For example, I’ve worked with military couples who have maintained strong emotional bonds under conditions of incredible stress.

Sorry for posting without meeting the precise requirements of your original question; but this same topic has fascinated me for years. 

There’s not much in the way of solid research on this topic, but there is lots of poor quality usually pop-psychology type opinion and advice/spam out there, just as there is poor quality relationship and marriage advice. 

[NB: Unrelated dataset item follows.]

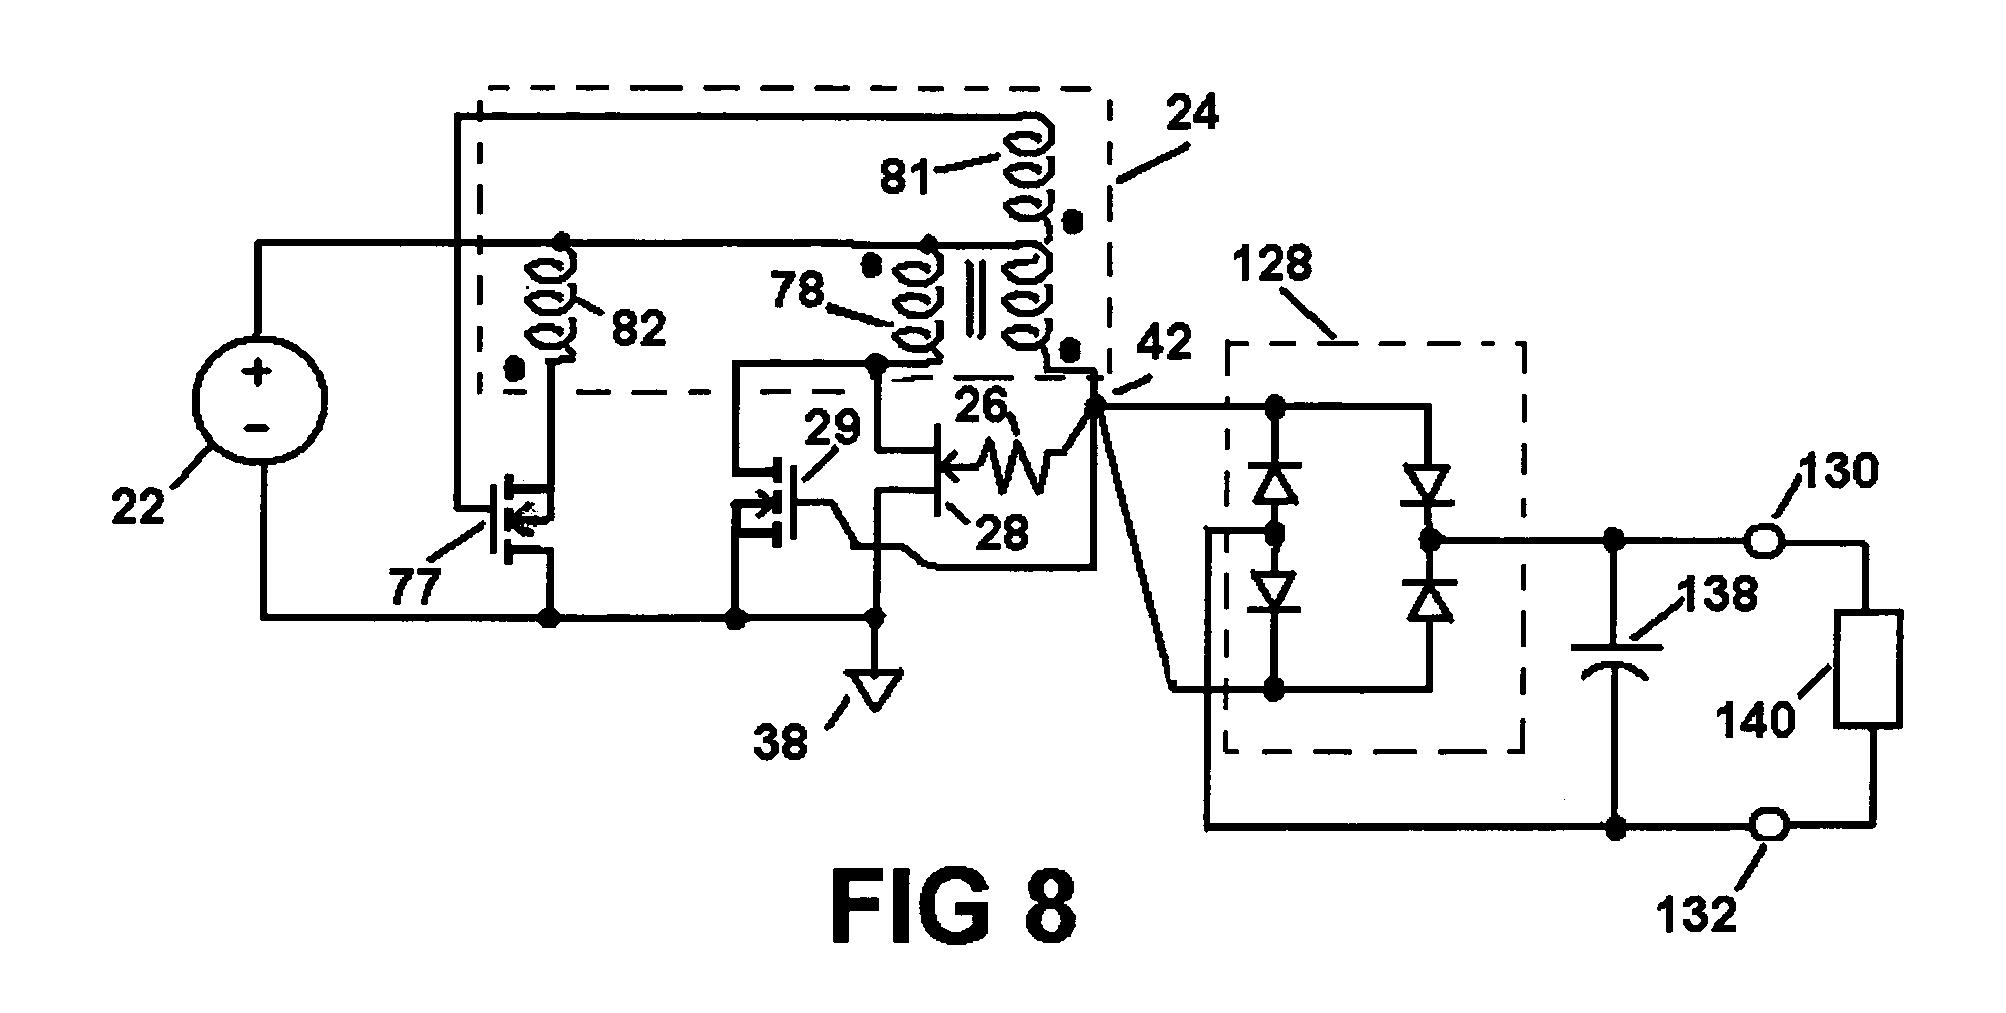 Highvoltage Generator Circuit Diagram Tradeoficcom Wiring Low Battery Indicator Us20100208498 Ultra Voltage Boost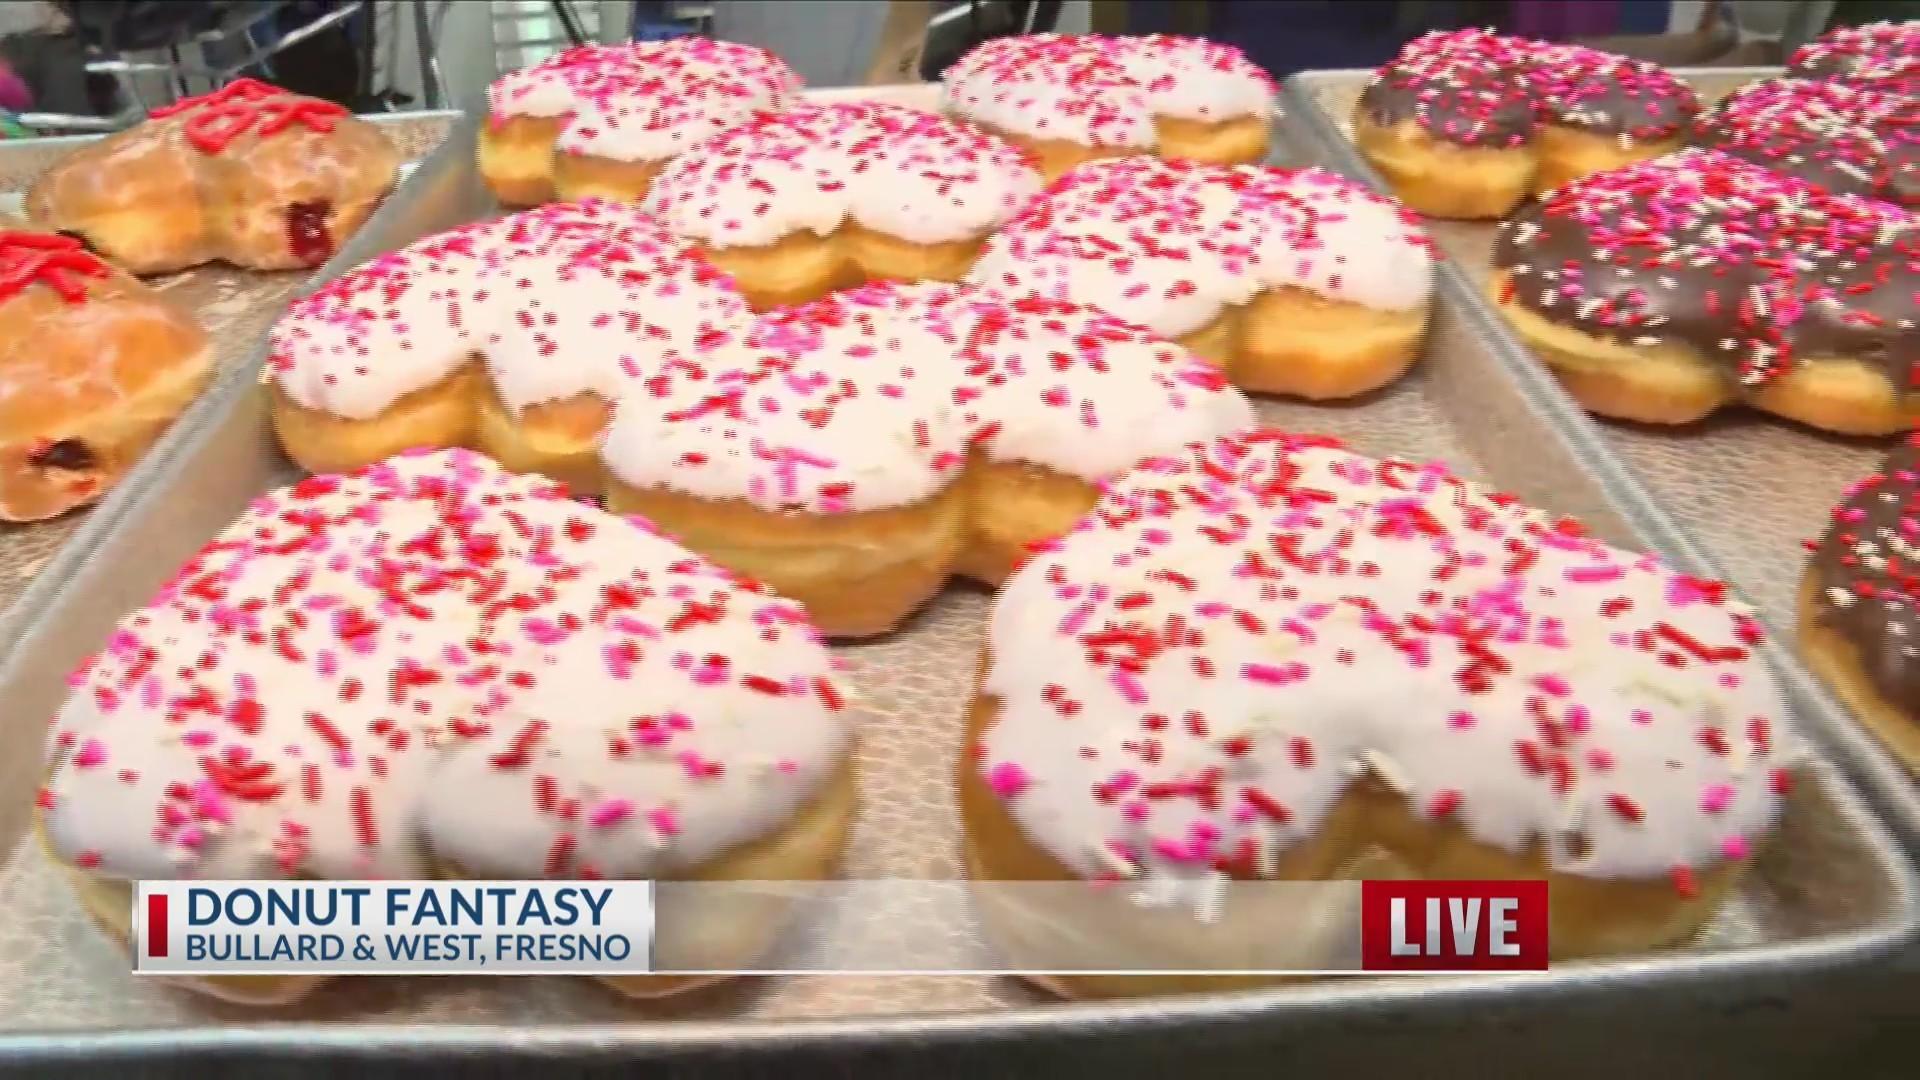 Donut Fantasy serving up heart-shaped donuts

I’m going to follow this thread. I really look forward to any new insight or information that other posters may have to offer or any further insight that you might share from your own research in preparation for your story.

Gratefully, 
-Duddy.


----------



## unfinished

hello, interested in these posts because my husband lives on the other side of the planet because of work. We are both examining if this can work, so far we have been doing this for 2 years, after being married for 25 years. He needs to work for supporting the family, but it is a hard life and I have nothing to do but cook and clean there, whereas I have a full social life here and many options. It does involve a language change to be in the other country. It has bought to question however, whether my motives for wanting this to work is that I am in fact happier with my own freedom and it is exposing cracks in our marriage which my husband thinks are cavenous and I feel are only hairline. He won't go to a counsellor on his own because he says that relationship counsellors who counsel only one partner will inevitably tell them to divorce, as they are only getting one side of the story! I think we should separately see a counsellor though to examine this issue.


----------